In some ways, the court was more accessible to the public than ever with its decision to provide live audio of telephone arguments in May. But the inability to see the justices and, after arguments concluded on May 13, hear them, made what went on in the late spring and early summer even harder to read than usual.

In an institution that zealously guards the justices’ privacy, only a justice can decide when an injury or illness should be made public. And because life tenure comes with the job, it’s also up to them alone to decide when to retire.

Ginsburg, who was in and out of the hospital last week, said she intends to remain on the court, a decision that likely was influenced by the conservative nominee President Donald Trump would put up to replace her if she were to retire.

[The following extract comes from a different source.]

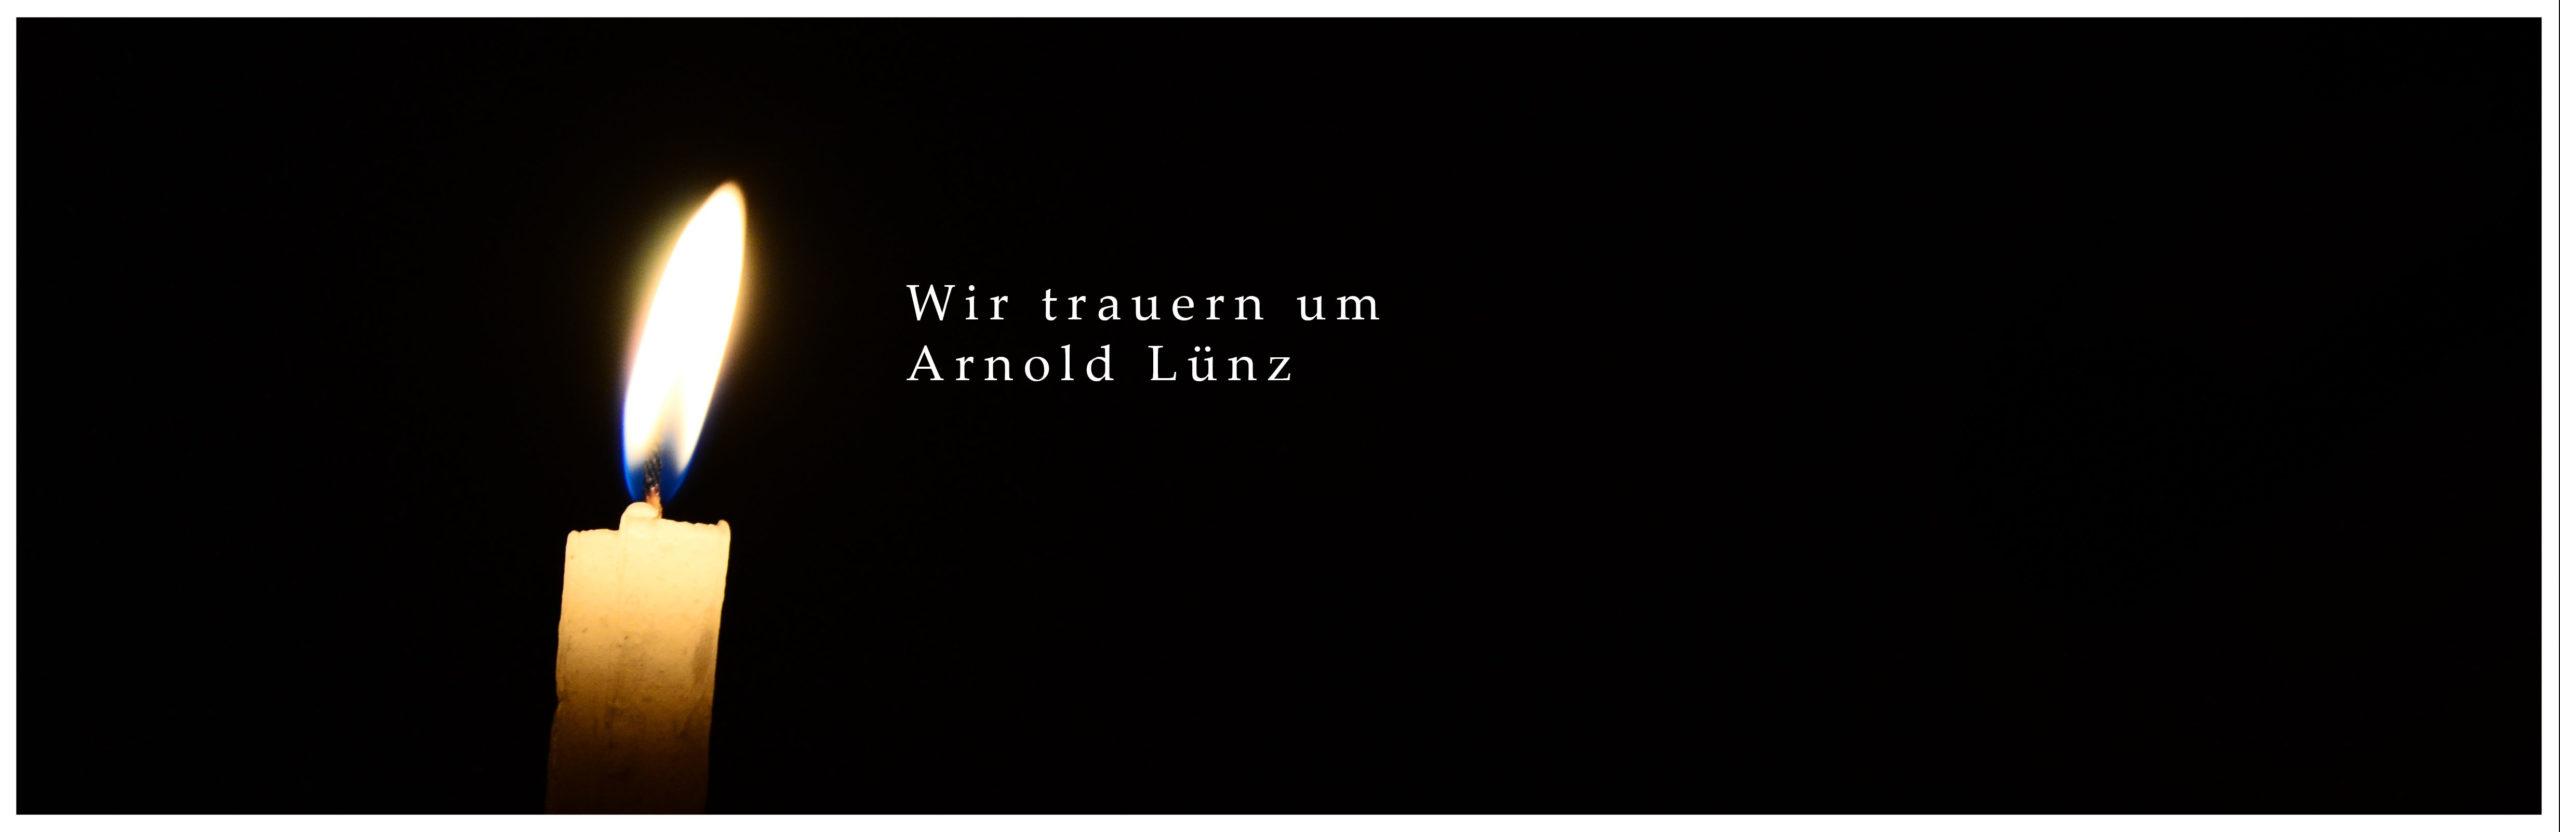 Nachruf – Trauer um Arnold Lünz

“If there is one iron rule that the court tries to follow more than any other, it is that the justices do all that they can to protect their institution from political attacks during presidential election years when public scrutiny of government is heightened. Ginsburg may simply be trying, to the extent she can, to protect the court and herself, from becoming a campaign issue in 2020,” said Artemus Ward, a political scientist at Northern Illinois University who has written about the politics of court retirements.

Ginsburg started receiving chemotherapy in May, a time of year when the justices typically take the bench at least once a week to announce decisions, and when the public can observe them in the courtroom.

Similarly, Chief Justice John Roberts suffered a forehead injury that required stitches on Father’s Day. In a normal year, the court would have met in public the next day and Roberts' wound would have been easy to see.